O preço do barril de petróleo disparou nesta segunda feira, passando dos US$ 70 pela primeira vez, por causa da chegada do furacão Katrina à região do Golfo do México.
Essa região é crucial para a infra-estrutura de produção de energia nos Estados Unidos. Nessa área ficam plataformas de produção de petróleo, terminais de importação, redes de oleodutos e diversas refinarias.
Nesta segunda-feira, no mercado em Cingapura, os contratos para entrega futura de petróleo subiram US$ 5, chegando a US$ 70,80, depois caíram para US$ 69,93.
Os preços de petróleo vêm sendo pressionados pela preocupação de que a produção não deve atender à demanda global e também pelas incertezas políticas em países produtores importantes.
Plataformas
Companhias de petróleo como Shell, Chevron, ExxonMobil e Total fecharam suas usinas e retiraram seus funcionários da região do Golfo do México por causa do Katrina.
A produção na região foi reduzida em cerca de 40% – equivalente a cerca de 650 mil barris por dia – e, segundo analistas, não há meios de prever os danos que o furacão poderá causar.
"Não é apenas a suspensão da produção de petróleo que está preocupando. É o fato de que pode haver danos às plataformas, o que pode levar à interrupção de produção mais prolongada", disse Victor Shum, analista de petróleo da Purvin & Gertz.

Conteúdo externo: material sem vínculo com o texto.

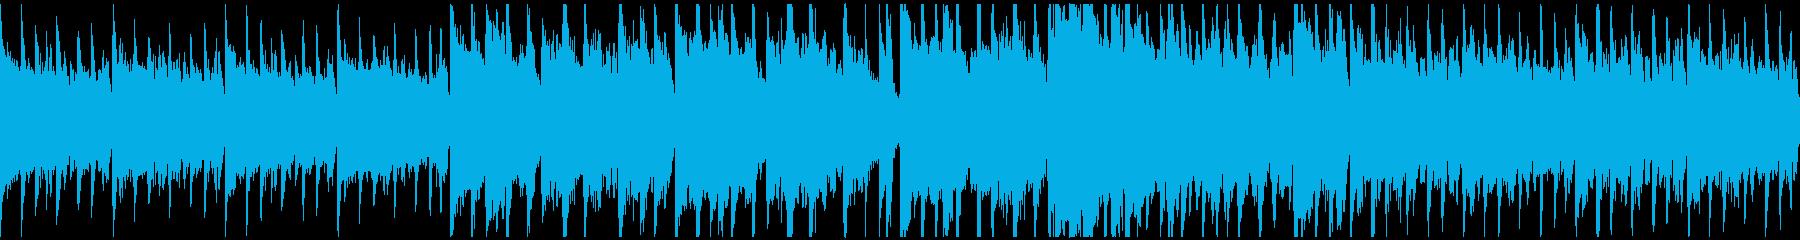 サックスとピアノのミディアムPOPSの再生済みの波形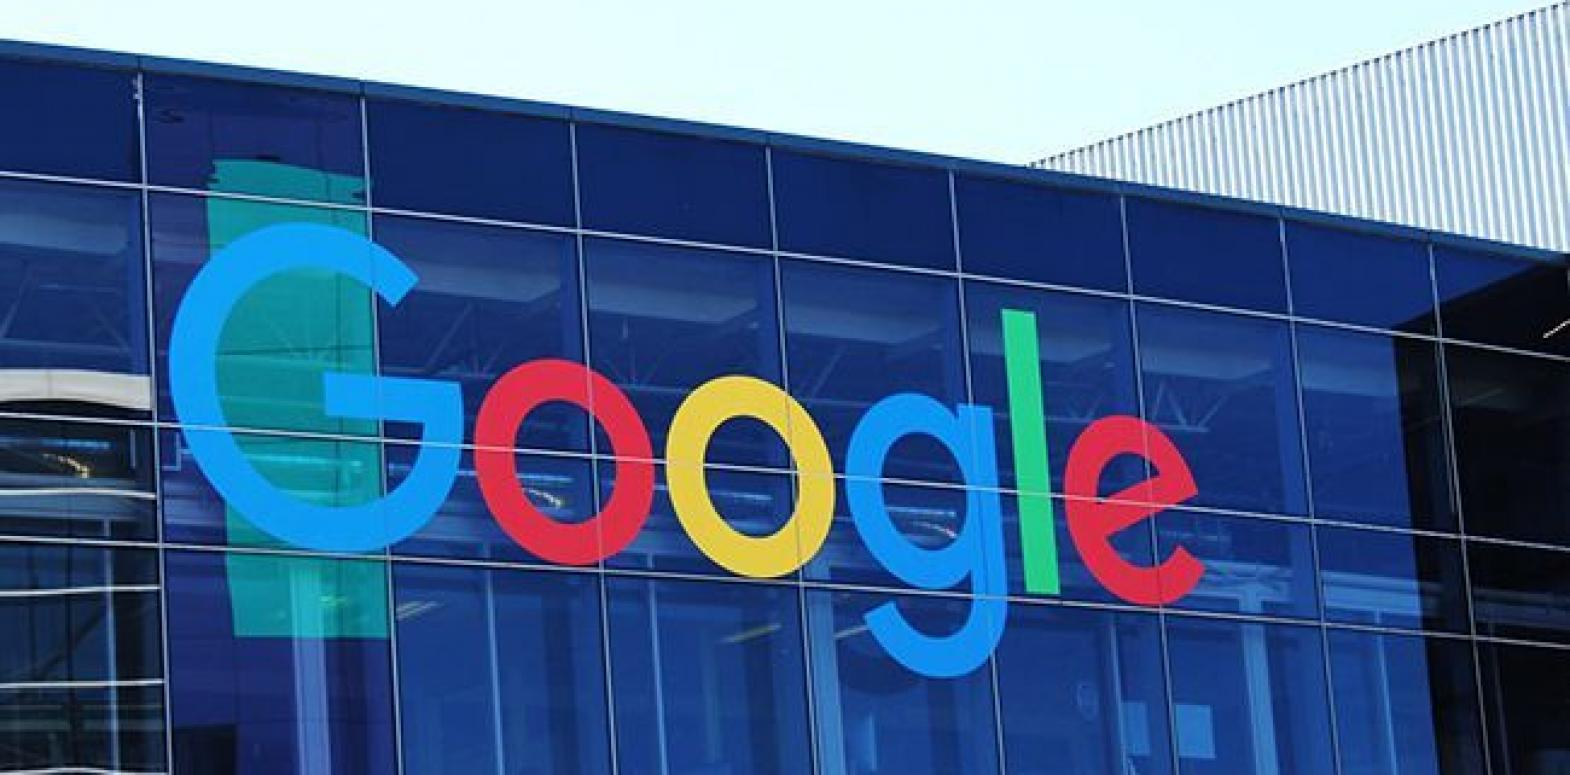 Google оштрафовали на 11 млн долларов из-за дискриминации по возрасту

"Parece ser a tempestade perfeita para aumentar os preços."
Demanda
A intensidade do furacão e o fato de coincidir com o aumento sazonal do consumo causam preocupação.
"Podemos esperar dois meses de produção perdida, o que é a pior notícia possível, porque acontece em período de pico da demanda", disse David Thurtell, estrategista de petróleo do Commonwealth Bank, na Austrália.
Também existe a preocupação com os efeitos que os preços altos do petróleo podem ter sobre a economia mundial.
Quanto mais as pessoas precisam gastar com gasolina e combustível para aquecimento quando chegar o inverno no Hemisfério Norte, menos dinheiro terão para gastar nas lojas.
Qualquer redução nos gastos de consumo pode ter forte impacto sobre as economias dos Estados Unidos e da Europa, onde alguns países já enfrentam dificuldades para promover o crescimento.
"Esse surto de aumento dos preços de petróleo é a maior preocupação neste momento", disse Kim Dong-uk, estrategista de bolsas da Daishin Securities.
"Depois disso, precisamos ver qual o prejuízo causado pelo Katrina e qual é a reação de Wall Street."